Ireland received a record 14 nominations at this year’s Academy Awards. The Banshees of Inisherin, filmed on Ireland’s west coast, tied for second in most nominations and has transformed the tourism industry of Achill Island.
Although their presence at the coveted ceremony was unprecedented, the Irish secured only two Oscars last Sunday. Richard Baneham’s achievements in visual effects for Avatar: The Way of Water were awarded, as well as short film An Irish Goodbye.
The Banshees, which represented the bulk of the nominations with nine, may have gone home empty-handed, but the black tragicomedy’s impact has already been felt.
Set during the Irish civil war, it follows two lifelong friends who live on a remote, fictional island called Inisherin. Played by veteran actors Colin Farrell and Brendan Gleeson, the two have an unexpected falling out with dire consequences.
The film was partially shot on Achill Island, Ireland’s largest island, which has seen a considerable boost in interest since the film’s release. “We appear in over 70 publications globally,” said Chris McCarthy, manager of Achill Tourism.
McCarthy recounted the whirlwind production: “Our first toe-dip into this film was when we got a wayward email from a lady, looking for 250 bed nights for 90 days. That’s really all our accommodations in one booking…”
The secretive Hollywood veil was eventually lifted. However, that the movie would prove to be an award’s contender was not immediately apparent to the locals. “When they started building the pub, we were saying to them ‘Why wouldn’t you just go over to Patten’s bar, or the 13 other pubs on the island?’”
“No, they’re going for Oscars in this,” the locations manager replied. “Yeah right,” McCarthy shrugged. Yet sure enough, after releasing, the movie pulled ahead in the award’s race, winning big at both the Golden Globes and the BAFTAs.
The production itself drove €1.7 million into Achill’s economy, while the overall yield in tourism remains hard to quantify. “We don’t really know what is going to appear, to be honest. We can only go on the amount of places we’re turning up in worldwide.”
A lady from the US called the office a few weeks back, inquiring about Achill’s scenery. “Please tell me, I just want the truth here, was that Photoshopped?” After being told it was all natural, she exclaimed “Well if it is, then I’m going to Ireland!”
Achill Tourism represents 150 tourism-related businesses on the island who all benefit from the movie’s success: “a rising tide lifts all boats,” as McCarthy put it.
Alan Gielty, who runs Achill Coaches, started providing a ‘Banshees of Inisherin’-themed tour. Tourists travel across the island, visiting filming locations while Gielty shares behind-the-scenes stories. “We’re giving the full history of the island, but we’ve just ‘Bansheed’ it up a bit.”
Gielty’s company was also contracted to drive the movie’s 140+ extras to and from set. “It was quite strict because every single driver and extra had to be Covid-tested every two days.
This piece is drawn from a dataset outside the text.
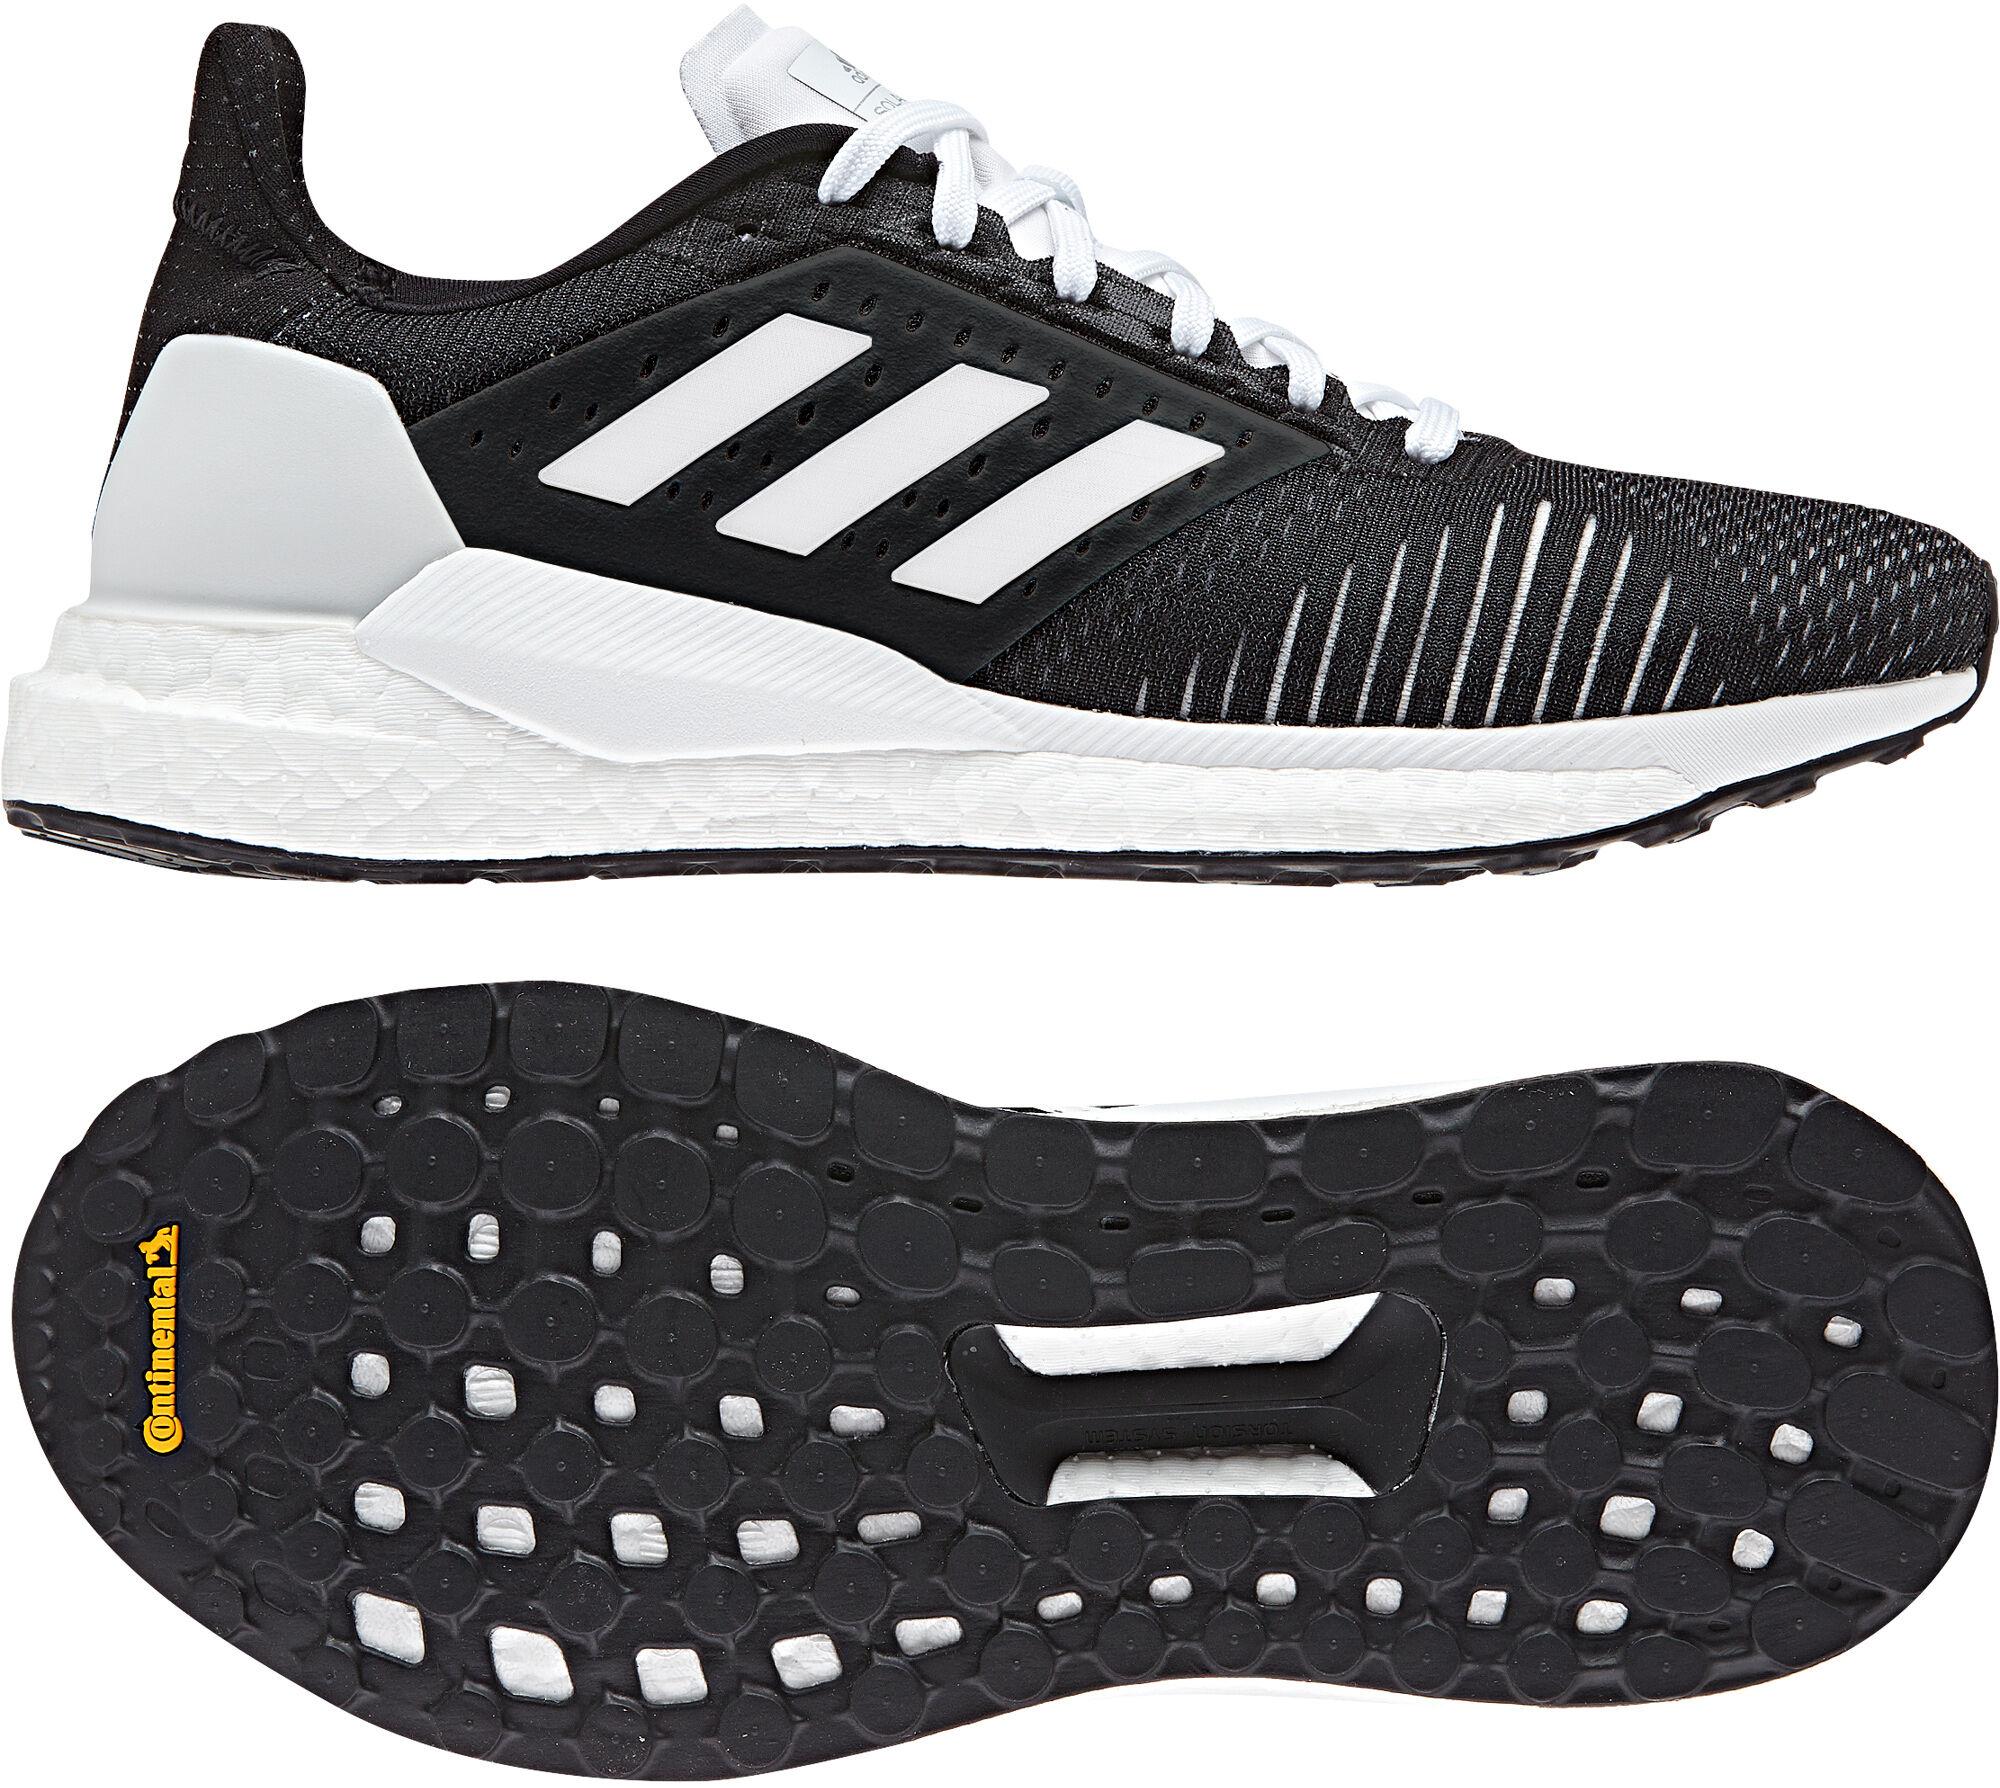 Adidas Solar Glide ST sko, black/white/silver, 42

You can imagine on a Hollywood production, that’s costing €180.000 a day, the financial impact if there’s a Covid outbreak.”
Gielty’s Bar & Restaurant’s car park served as the film’s unit base, housing the cast and crew’s trailers. “We live above the pub, so you’re sitting in the morning having your breakfast, and you look out and see Colin Farrell walking across your car park, bringing a cup of coffee into his trailer. It’s kind of surreal in a way.”
As an extra, Patrick Mulloy too had close encounters with the movie’s cast. He recalled a scene where he and another extra had to walk across a post office: “we kept going and the next thing we bumped straight into Colin Farrell, like clattered into him.” Mulloy apologized, but Farrell quickly responded “No, no, no, it was the effing door. The effing door wouldn’t open.”
Even in such a tight-knit island community, as portrayed in the film, there was still room for surprises. “I met loads of people that I didn’t even know that lived on the island. It actually connected a load of us up.”
Mulloy praised the complexity and rigor of the film’s production. After shooting had finished, the actors would always hand their scripts off to someone else and “the script got shredded,” he said. “The security on the scripts and everything else was meticulous.”
Mulloy and other Achill natives were unfazed by the lack of Oscars. Although he thinks it would have been nice if The Banshees had been honored, “it’s great anyways, who needs the Oscars. We’re thinking, yeah, it’s brilliant, we just got along without it.”
Regarding the nominations, Gielty said “It’s amazing. It puts Ireland more so on the map with Hollywood. Achill doesn’t get many American tourists, but that’s going to change now.”
Although his businesses are up 50% already, Gielty believes 2024 will be the year to watch. “I really think it’s next year that’s really going to kick in, because everyone already has this year’s holidays booked. Next year is really going to be off the charts.”
Last week, another movie released called My Sailor, My Love, which was also shot on Achill. The attention drummed up by the Oscars may spur on even more productions to journey to the island. Perhaps there are more awards-hopefuls in its future.